*** Opening of Input records ***
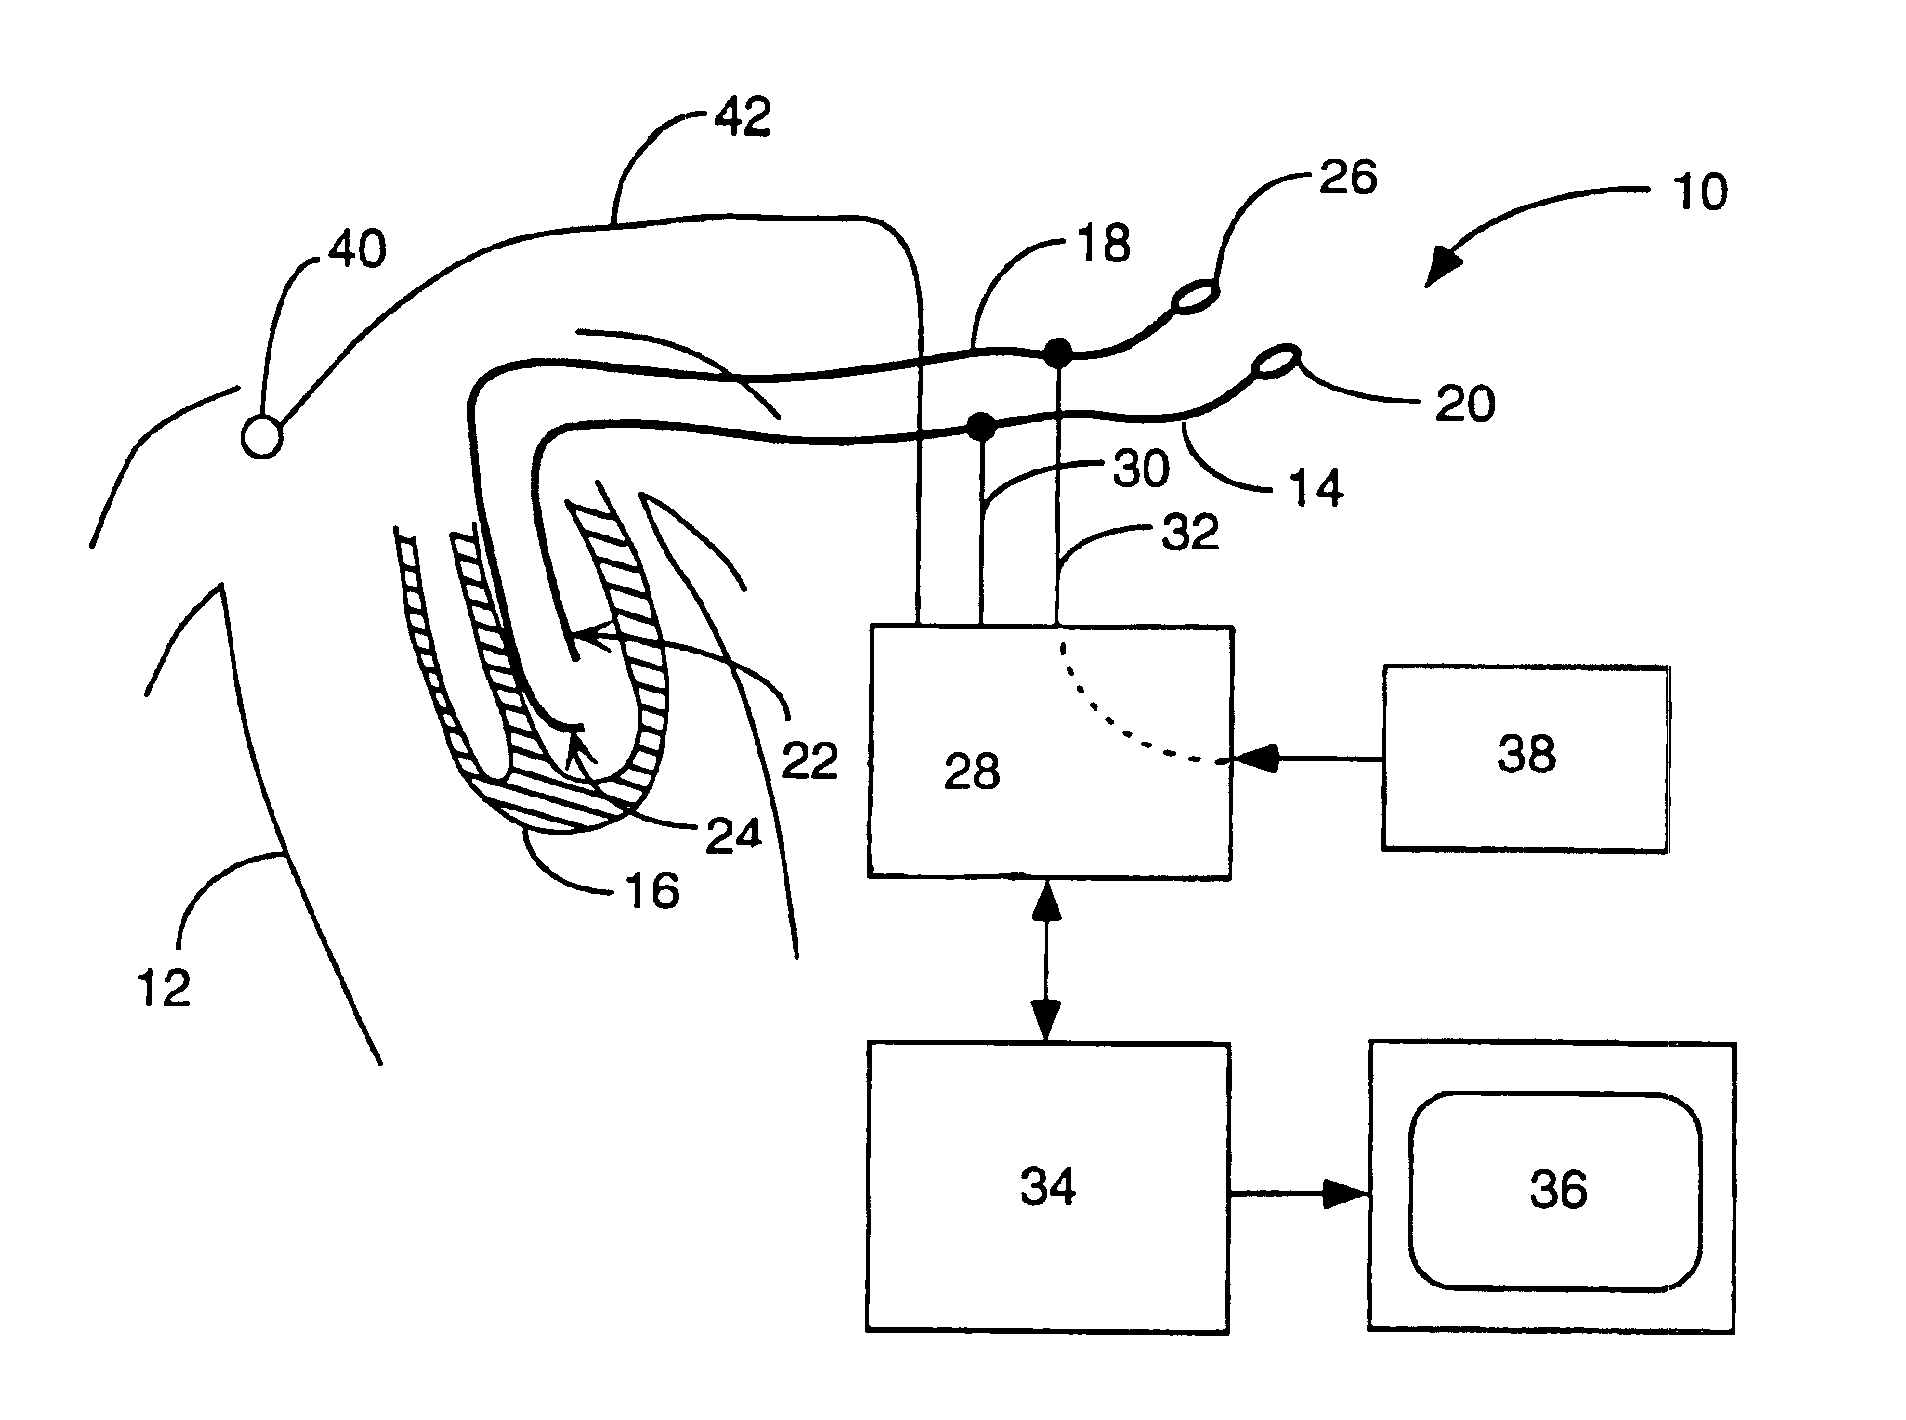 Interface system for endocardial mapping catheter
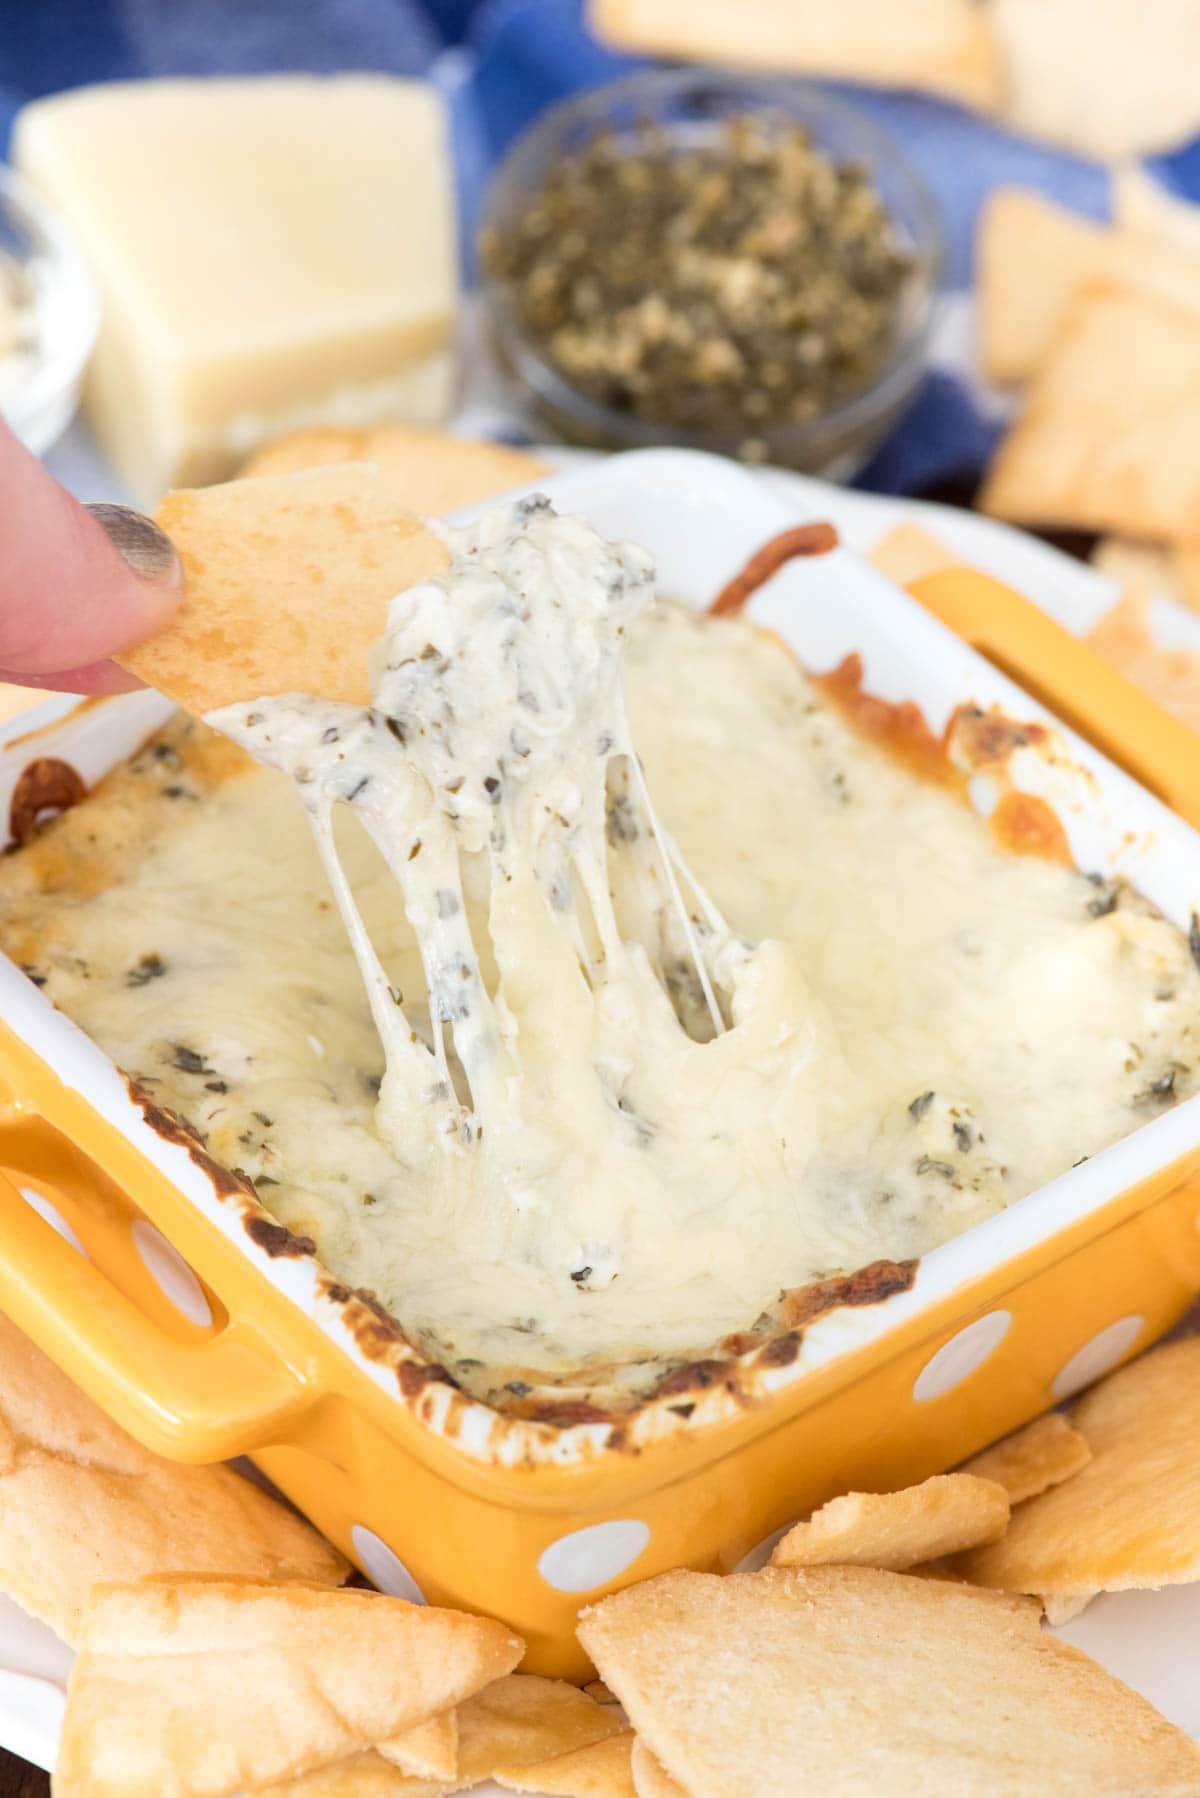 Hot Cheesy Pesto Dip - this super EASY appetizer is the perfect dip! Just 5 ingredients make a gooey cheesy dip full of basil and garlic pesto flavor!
*** Close of Input records ***
*** Opening of Input records ***
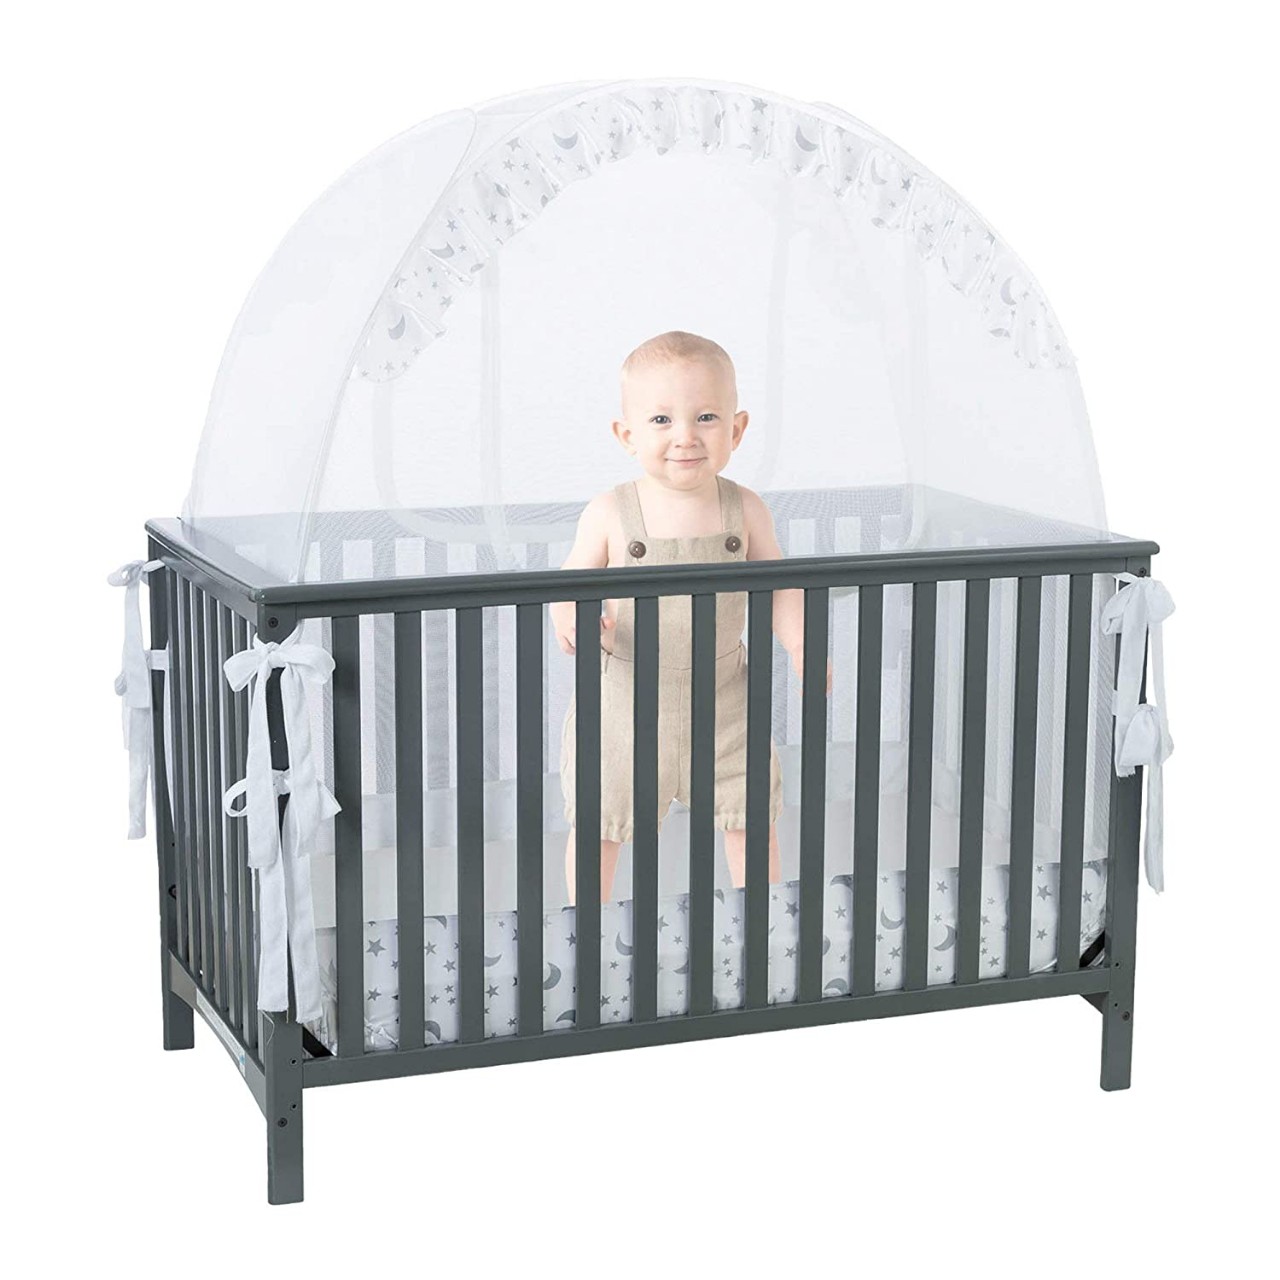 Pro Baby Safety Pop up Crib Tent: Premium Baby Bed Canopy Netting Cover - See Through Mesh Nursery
*** Close of Input records ***
Using the data above, transcribe exactly the lines between those containing "Interface system for" and "Hot Cheesy Pesto", inclusive, and leave every picture behind.

 Interface system for endocardial mapping catheter
 Hot Cheesy Pesto Dip - this super EASY appetizer is the perfect dip! Just 5 ingredients make a gooey cheesy dip full of basil and garlic pesto flavor!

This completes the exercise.